▶ _Required action_
The expected output is an exact copy of the lines from the one containing "Bezdomna figlarka, samotna, kot, koty" to the final line below, minus any pictures.

▶ _Available data_
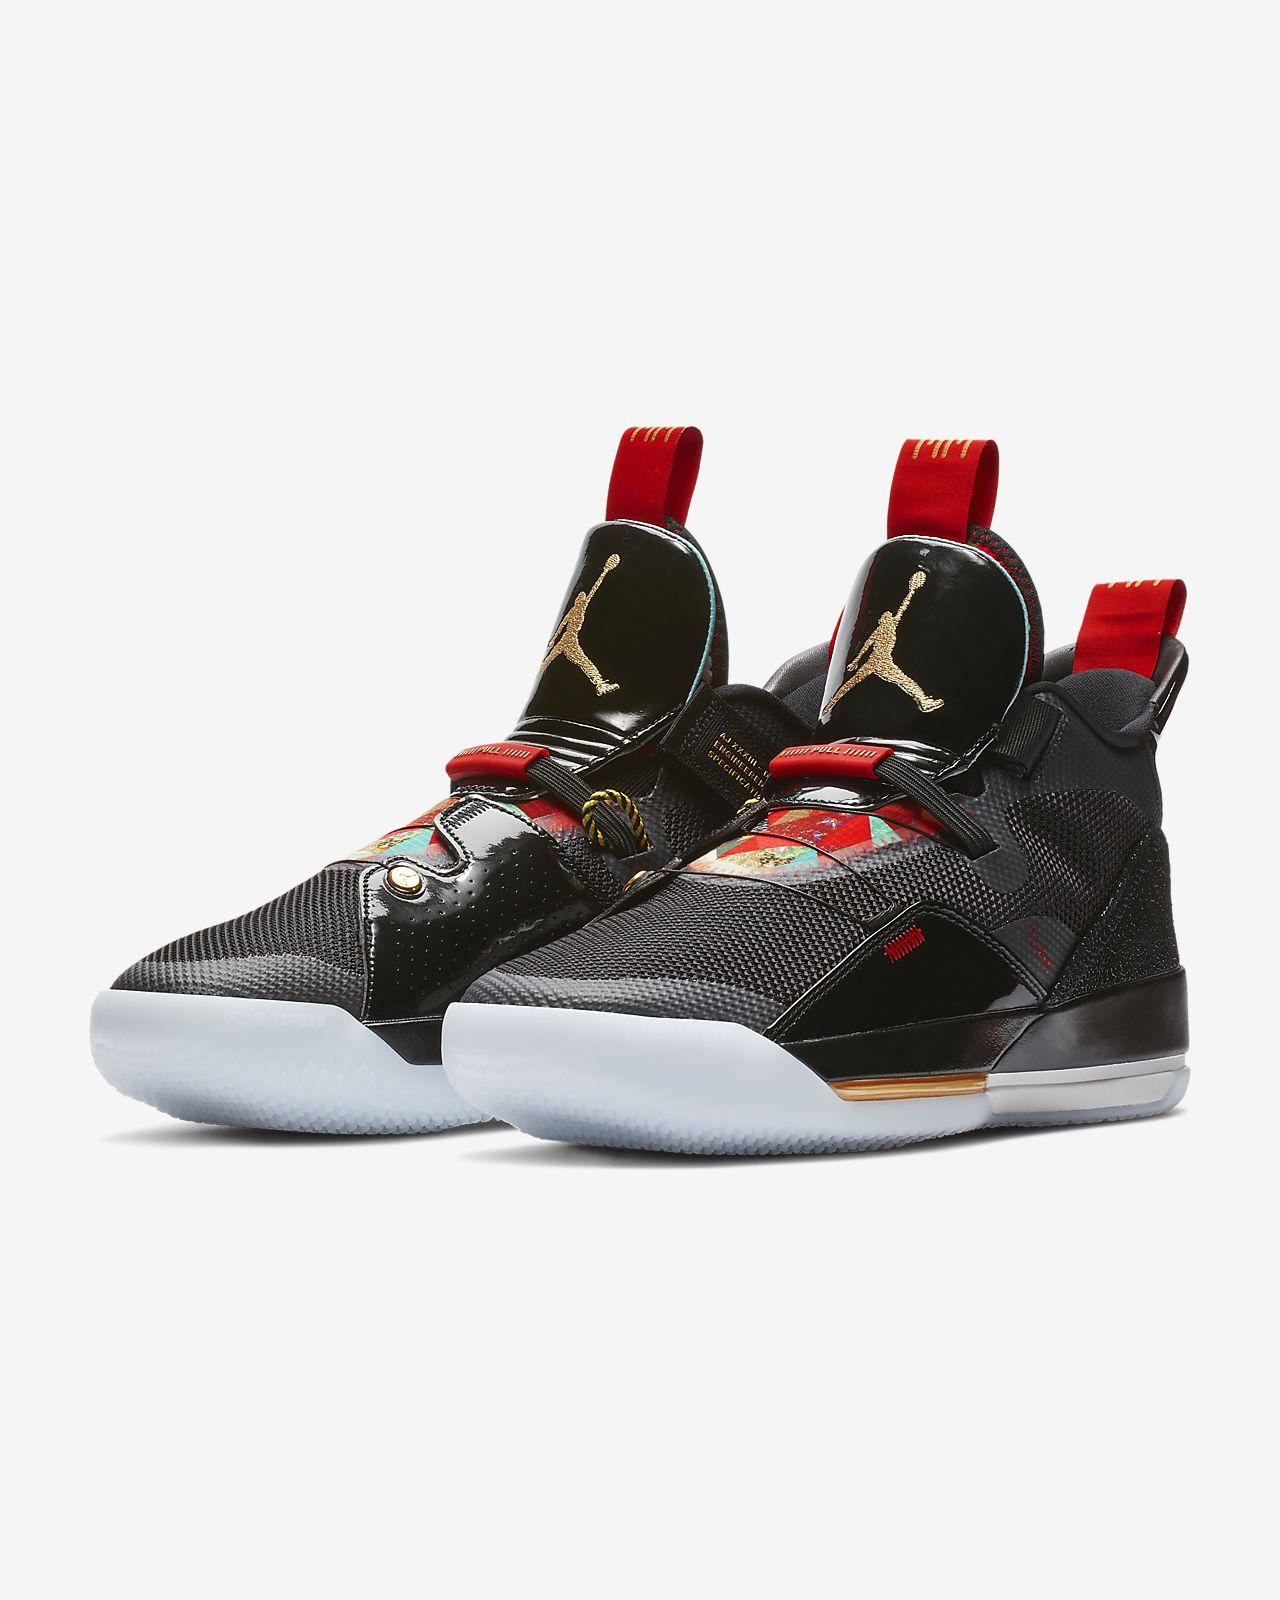 Basketball Xxxiii Jordan V7ybf6gy Air Shoe Nvn80mwO
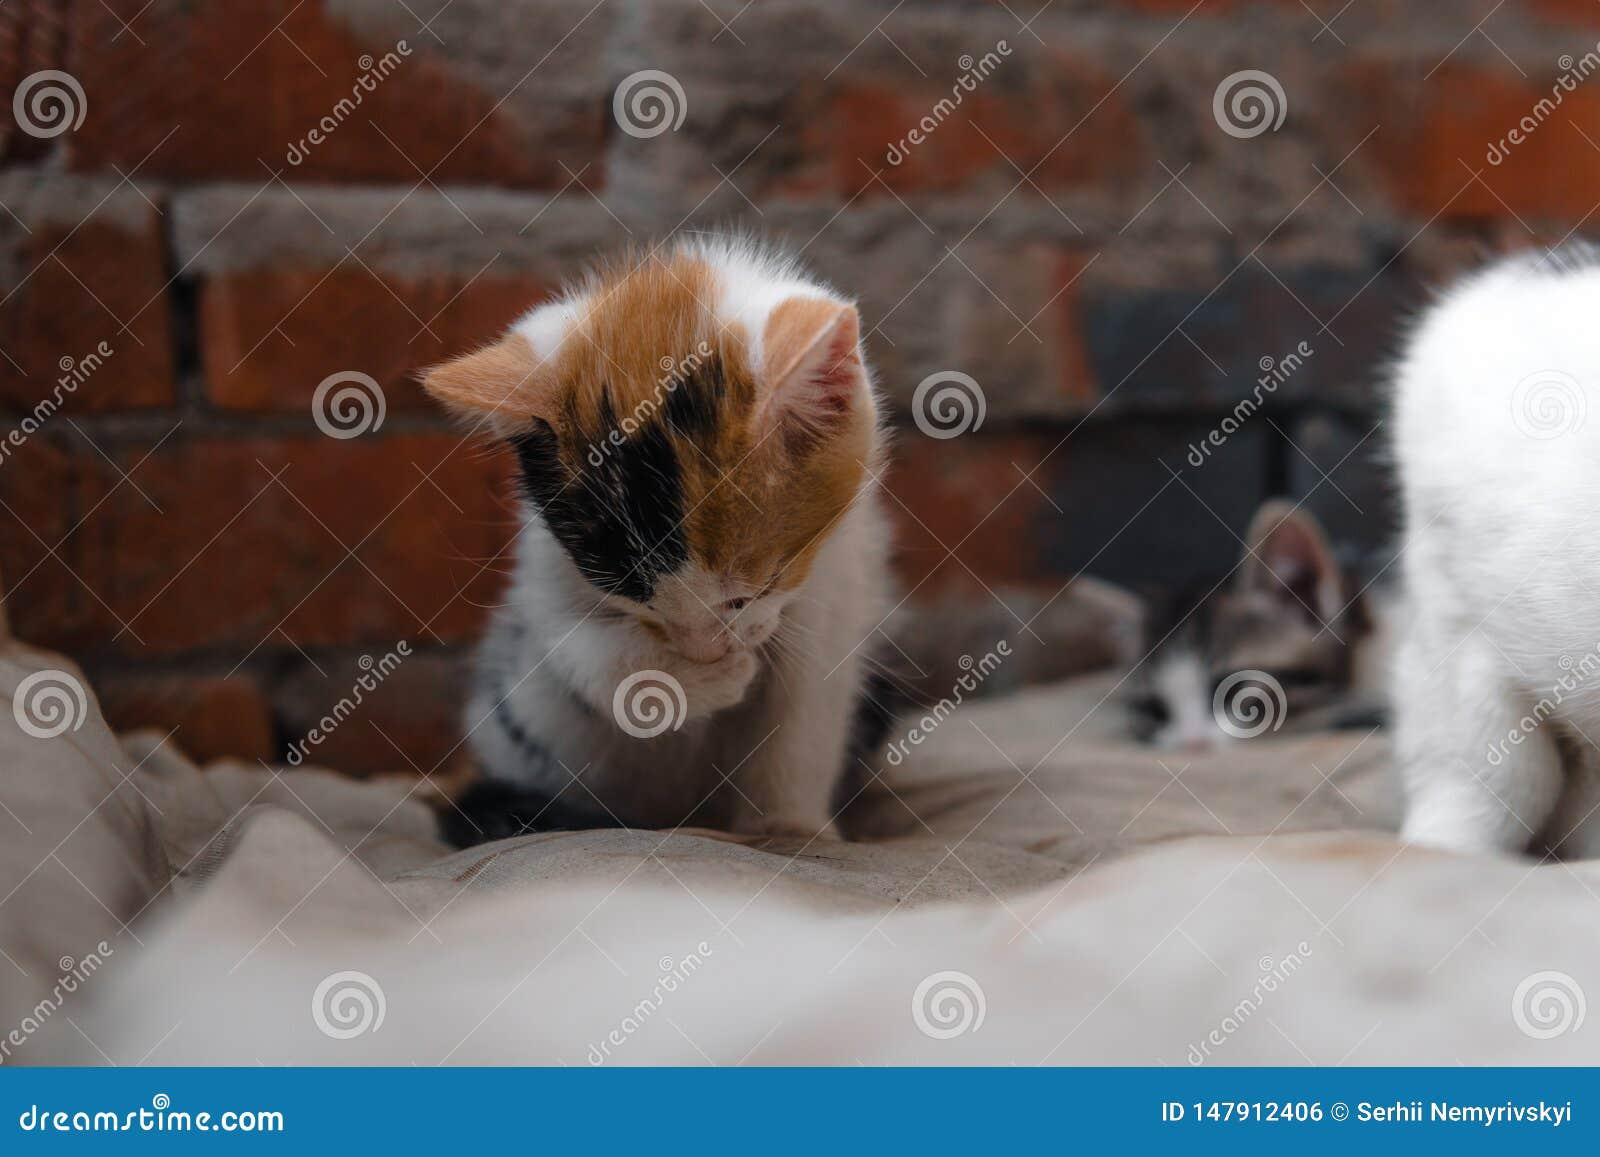 Bezdomna figlarka, samotna, kot, koty ulica potrzeba przyjaciele
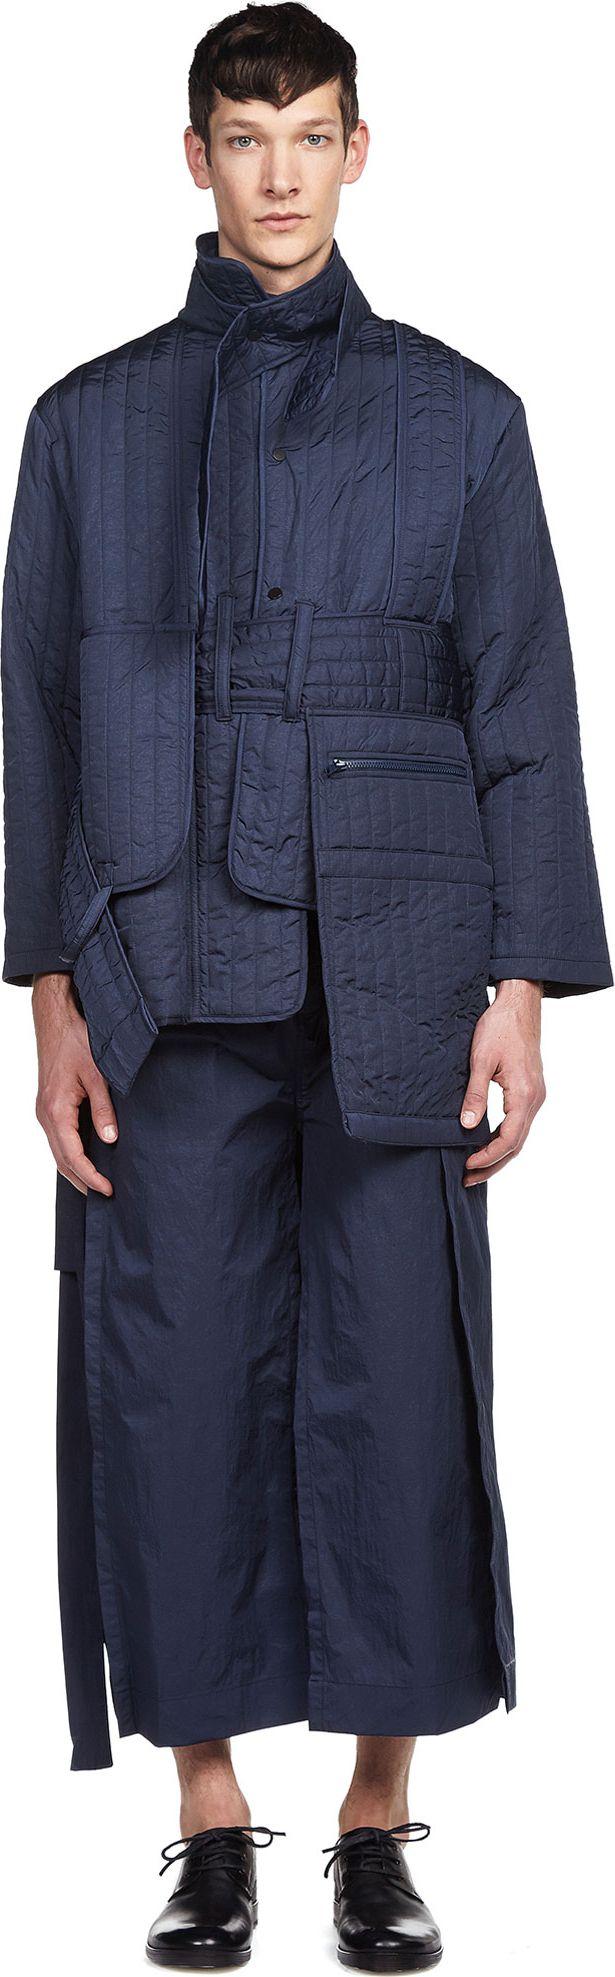 Quilted Ww Jacket Craig Green Loit Fashion Menswear Conceptual Fashion

▶ _Worked solution_
 Bezdomna figlarka, samotna, kot, koty ulica potrzeba przyjaciele
 Quilted Ww Jacket Craig Green Loit Fashion Menswear Conceptual Fashion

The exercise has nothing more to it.